I remember my first "social" reaction to this was that of disapproval. To me, only fast girls indulged in such games and boys of my age were so awfully juvenile to imagine a deeper or a serious connection with them. And when I became more accepting of it (ofcourse with peer "sanction"), the superficiality of it repelled me. The elements of a relationship simply were flowers, chocolates, social isolation, first kisses and unwavering attention.
No this isn't the part yet when I begin illustrating my personal experience. Till this time, I had only personal accounts of friends and cousins to rely on. And in all honesty, I thought it was a huge headache (and damn it, was I right at 16?). Sure I didn't blind myself from the flossy part of it. Ass kissing (the meaning of which was limited to doting in my imagination back then), someone to beep you all day, someone to take you around (now this I really envied, I have to admit) and someone to buy you lunch (a vicious advantage!).

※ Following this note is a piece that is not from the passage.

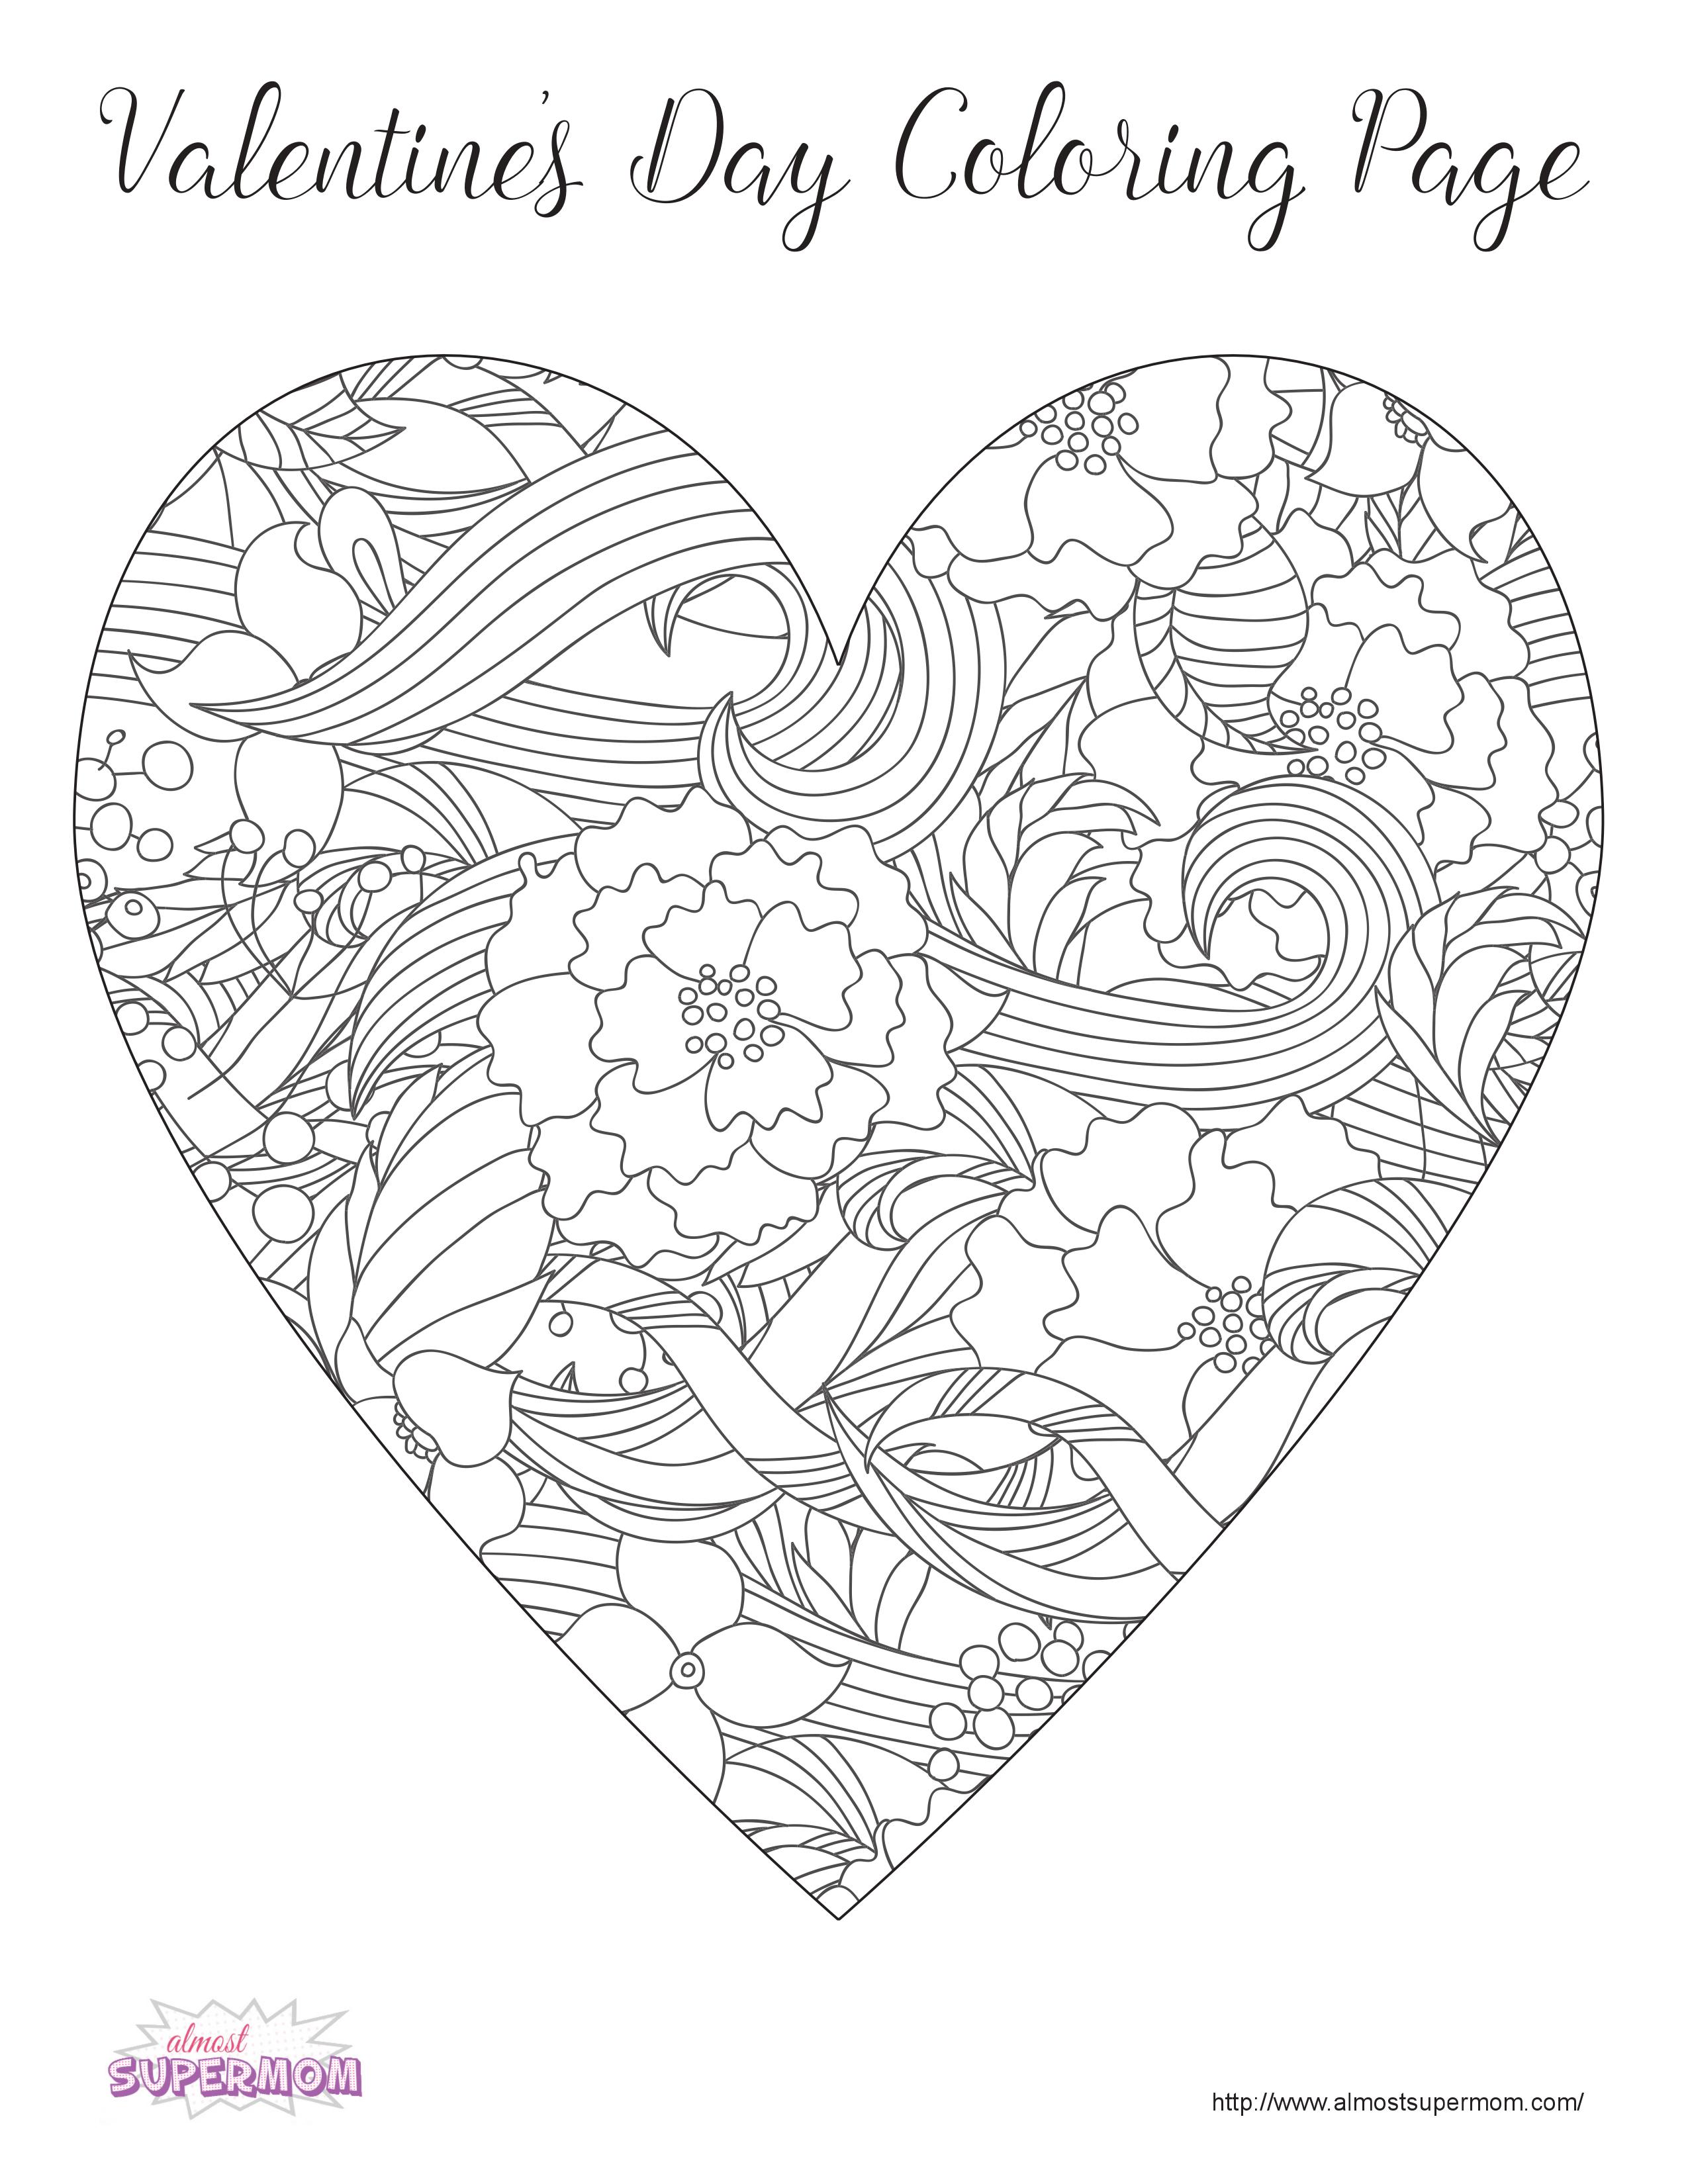 Coloring Pages Kindergarten Valentines 182 File Include SVG PNG EPS DXF

But as I grew up, those personal accounts and witnesses matured and I then finally figured out the supreme factor operating in all relationships; THE EGO. Ego pampering and ego battles was all that it centered around. By now I was definitely getting somewhere. Candies, kisses and pictures were all just physical manifestations of all the determining egoistic indulges of the human mind , torn between its personal wishes and the societal grants. By this time, I was old enough and expected to have 2-3 ex's myself and I didn't. Naturally, I was questioned. Looking for the perfect guy aka Mr. Right? Guy maybe? Heck, I started questioning myself. Was I too pricey? Was I that unattractive? Or was I…no I couldn't be. The conclusive title I labeled myself was as the kinda girl that guys don't like as a girlfriend. As self deprecating as it sounds, it made me feel good in a strange sort of way. In time and with a little more exposure and knowledge, I did realize that I wasn't, after all, interested in women. In fact, I much hated them in general relative to my disdain for the weeners. And not in a sudden flash of enlightenment but a steady gradual gradation of myths and realities, I knew…I had to fall in love. And that did bring equilibrium to my disturbed thought settlements. However, I don't recall being in love when I entered into my first (and only till date) relationship. I just felt good about the somebody and trusted my gut feeling. Infact, on a very mental level, I never did think of love in all its grandeur having any connection to this relationship. And I don't believe till date, love happened as an inevitable consequence of our relationship. Love really isn't that predictable. I mean, if you cognitively assess love, it would be associated with all those feel good moments and moments of satisfactory resolutions. But that wasn't it. There was turmoil, there were hearts broken, principles redefined. I think the period when I saw it for what it was when I couldn't wait to see him and felt the greatest being with him. Now the two did not or do not happen every time, so when it started to become a pattern, it was more for real.
However, I cant agree more when anyone says that love is sick. Why? because it is about giving a greater part of yourself and not receiving the same share. Everyone wants to be loved but not everyone can love another.
Digressing back to relationships, it is indeed everything I've always thought it to be. Scandolous, plastic toys, drunk dials, pampering (what ever sort), coaxing and socially reveling in it. But all the same or perhaps not all, it is a lot about giving. And this may not be parallel to receiving as well. You may not receive as much yet it is important to know the significant other has given as much as in his/her capacity. Because relationships (at least the realistic and utopian kinds) are a lot more above business deals and a little above the paradigm of social exchange.